* **Work task**
When you reach the line with "2019 Ford Transit" in the listing below, write out that line and every one after it exactly, and skip the pictures.

* **Data provided**
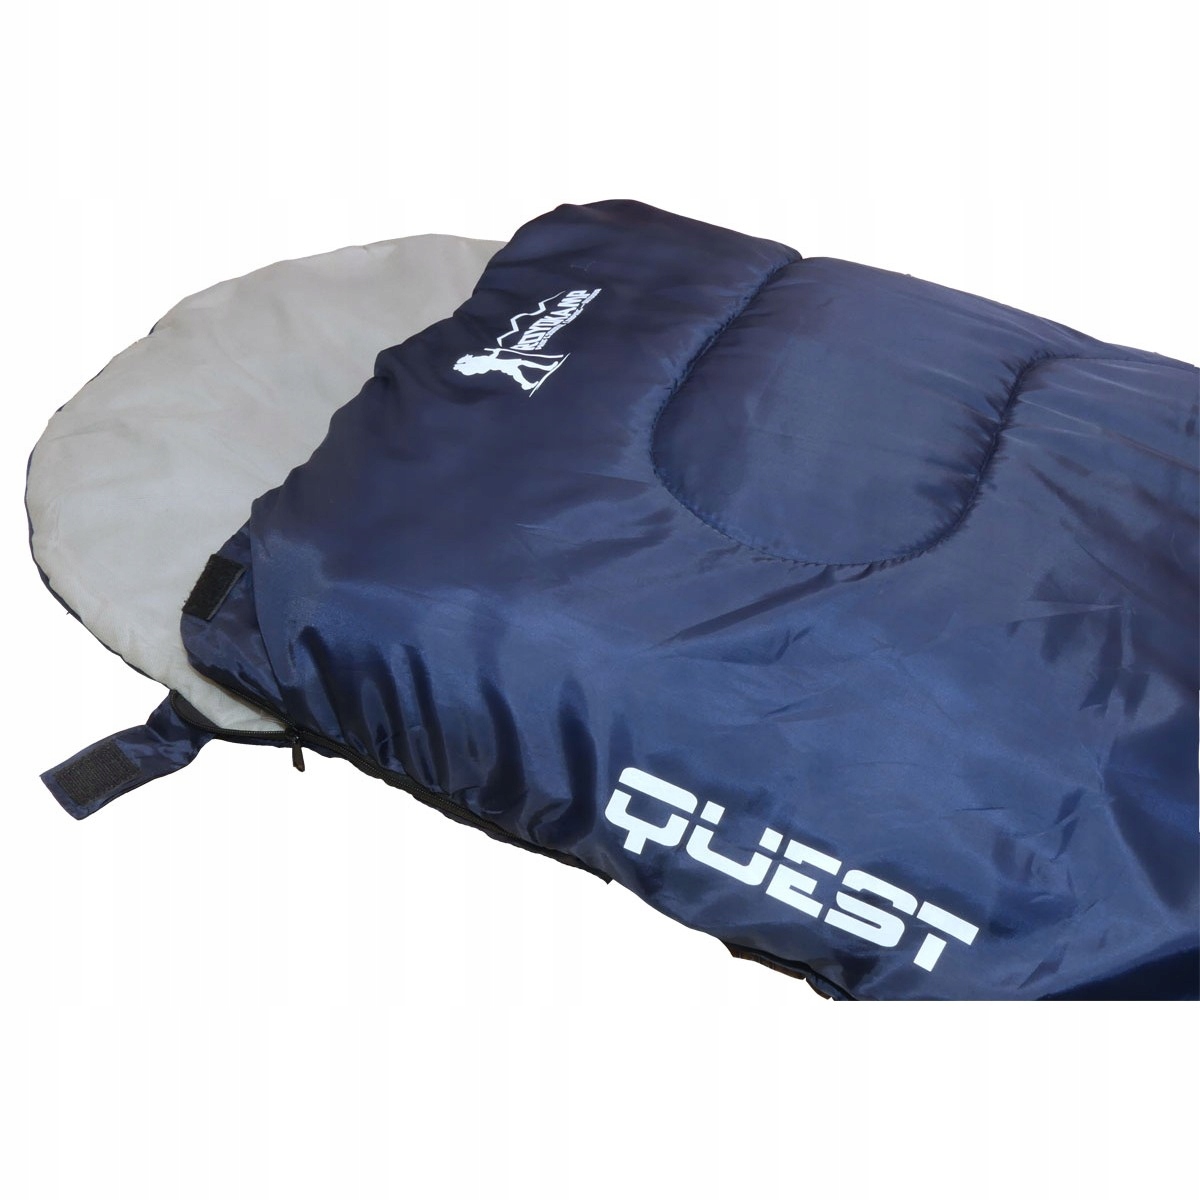 Туристический спальный мешок QUEST 210x70cm темно-синий код производителя 5902431024912
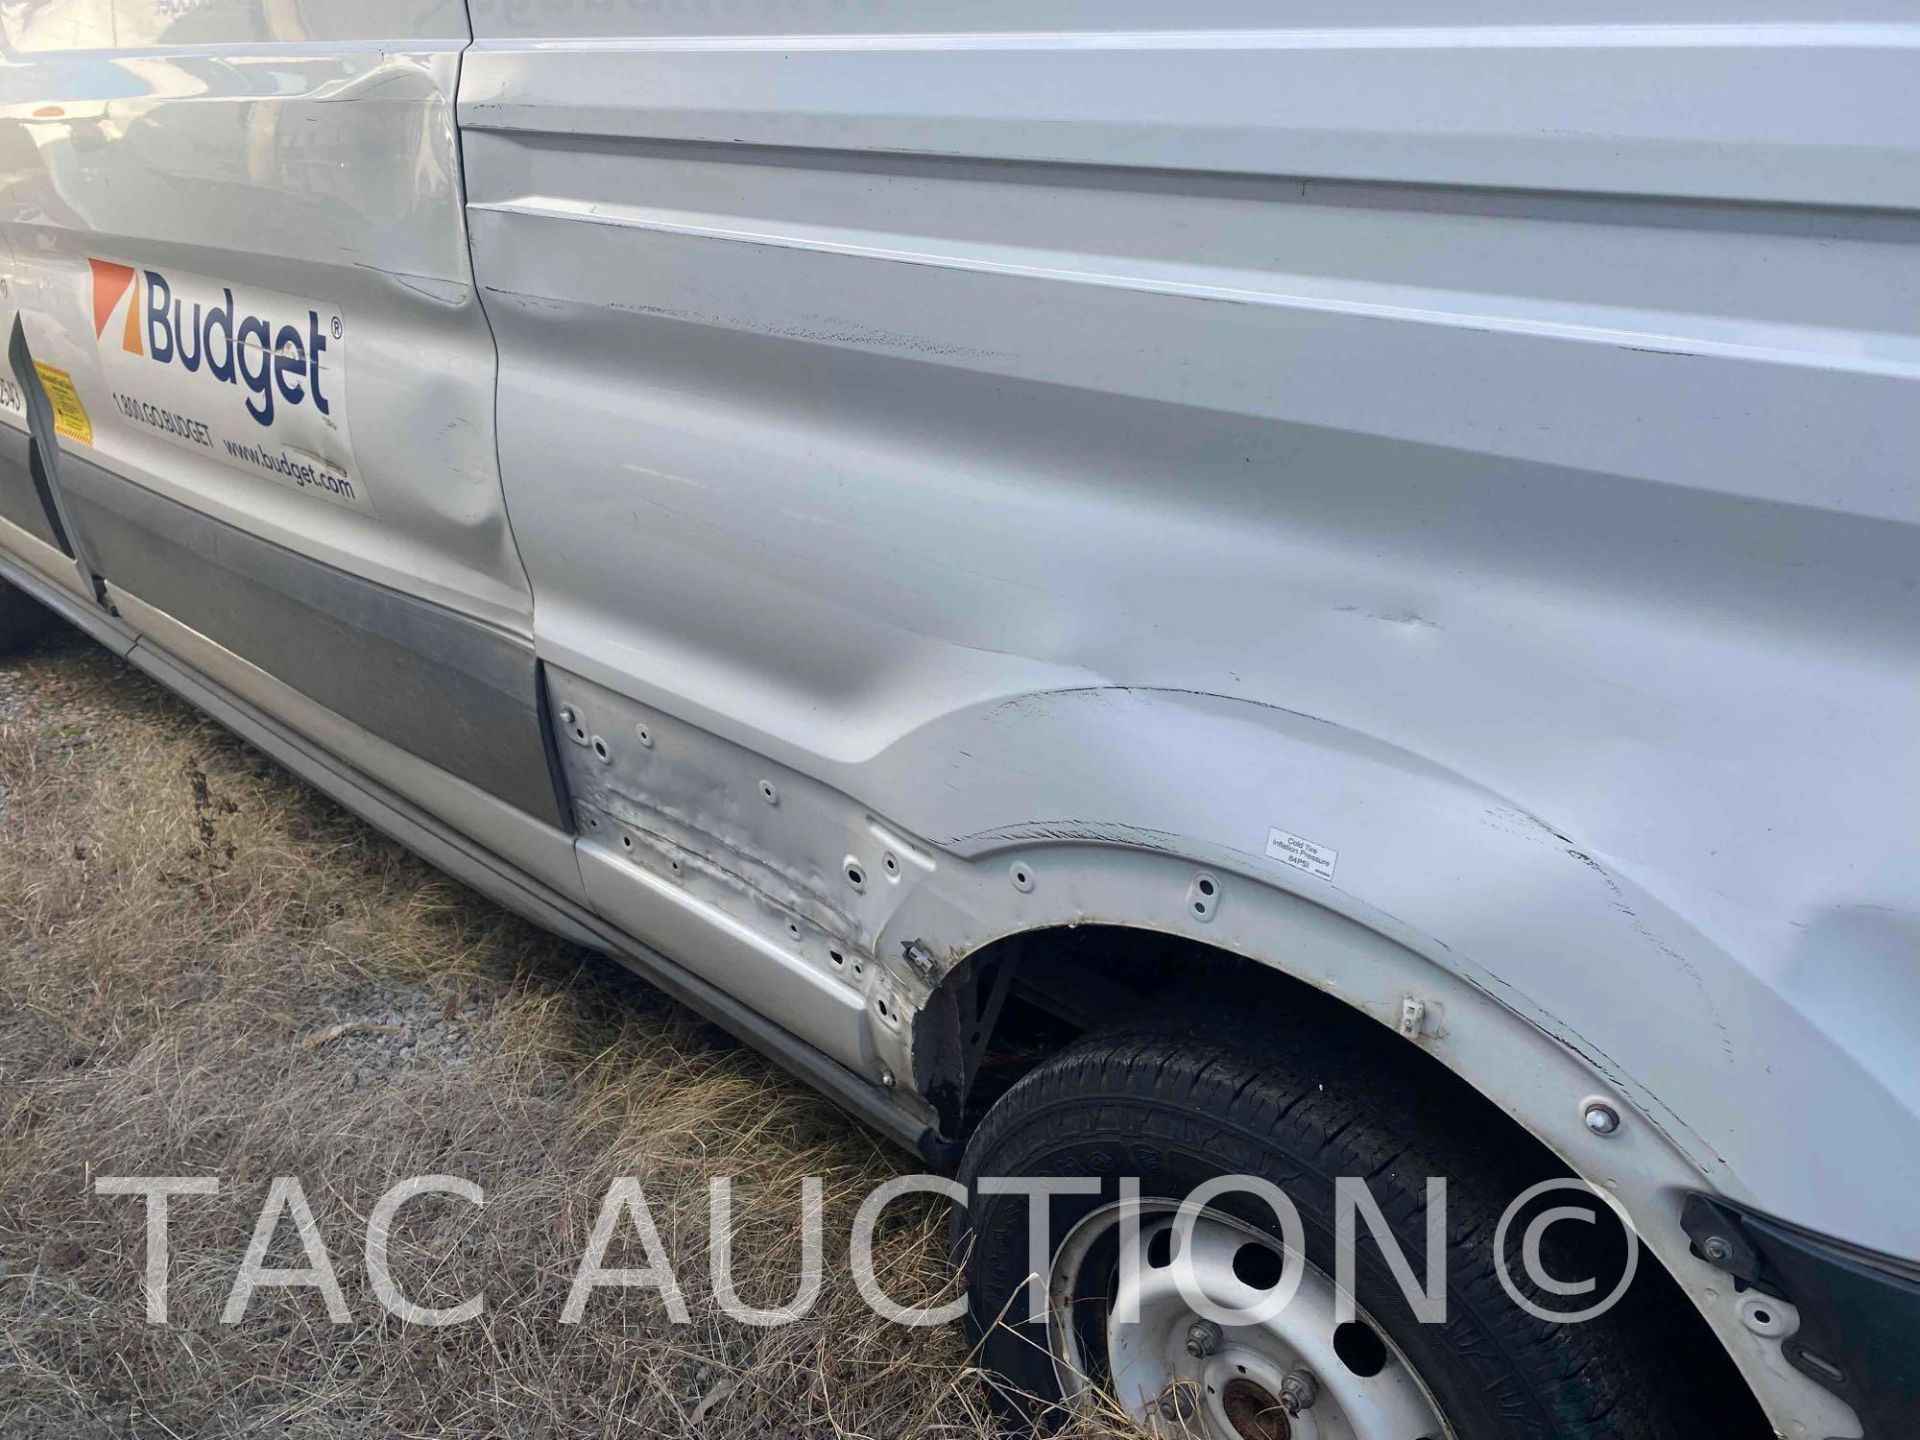 2019 Ford Transit 150 Cargo Van - Image 7 of 38
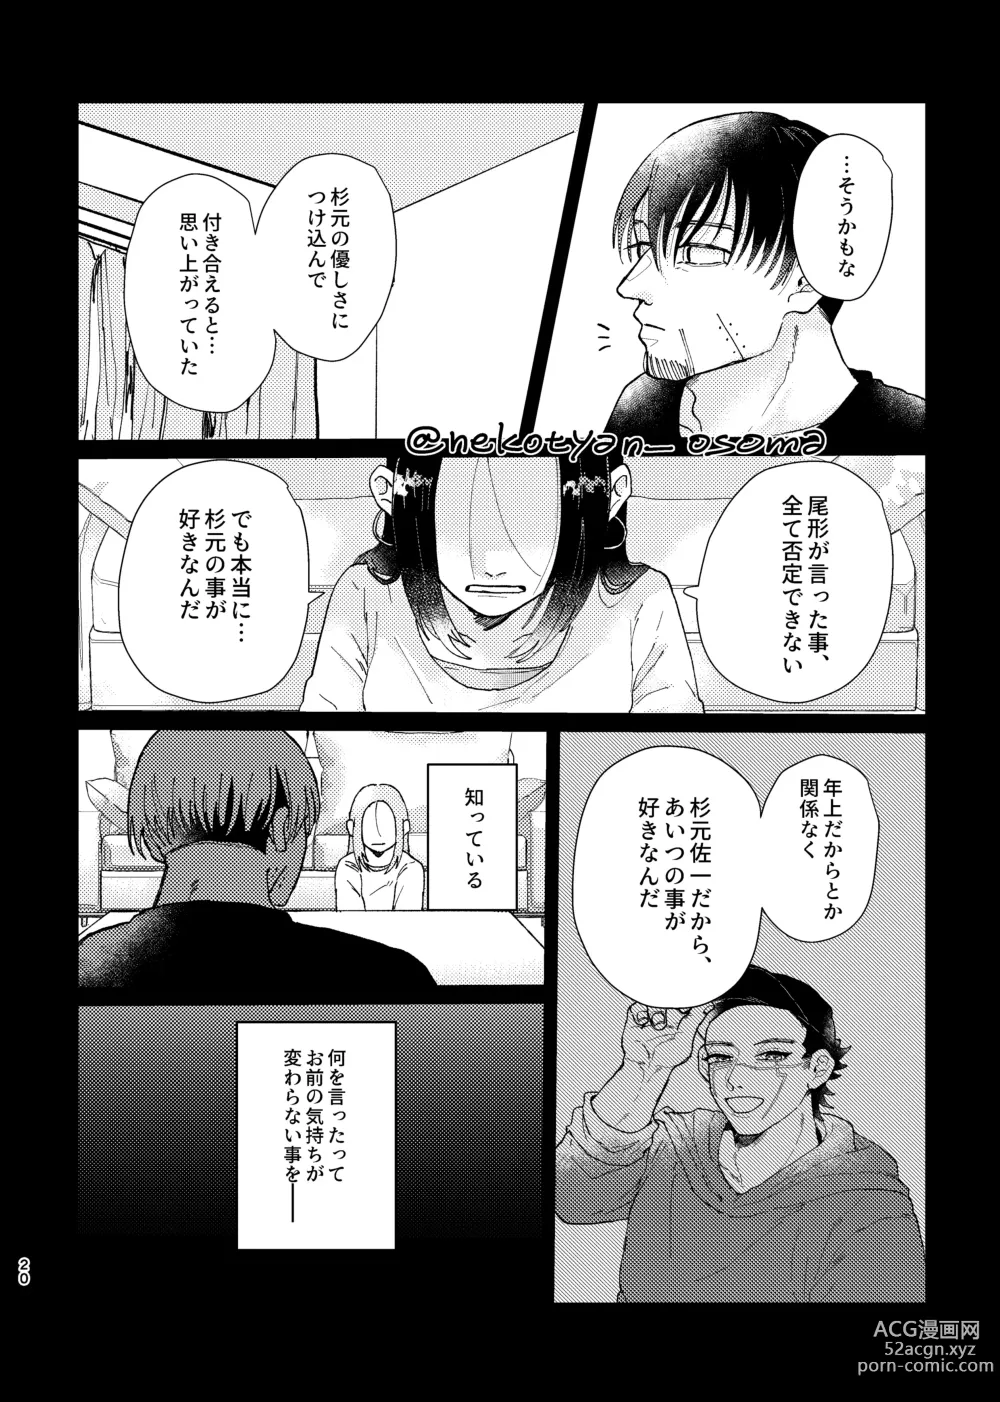 Page 19 of doujinshi Shoujo ga Hana o Sakasu made

* **Result**
 2019 Ford Transit 150 Cargo Van - Image 7 of 38
 Page 19 of doujinshi Shoujo ga Hana o Sakasu made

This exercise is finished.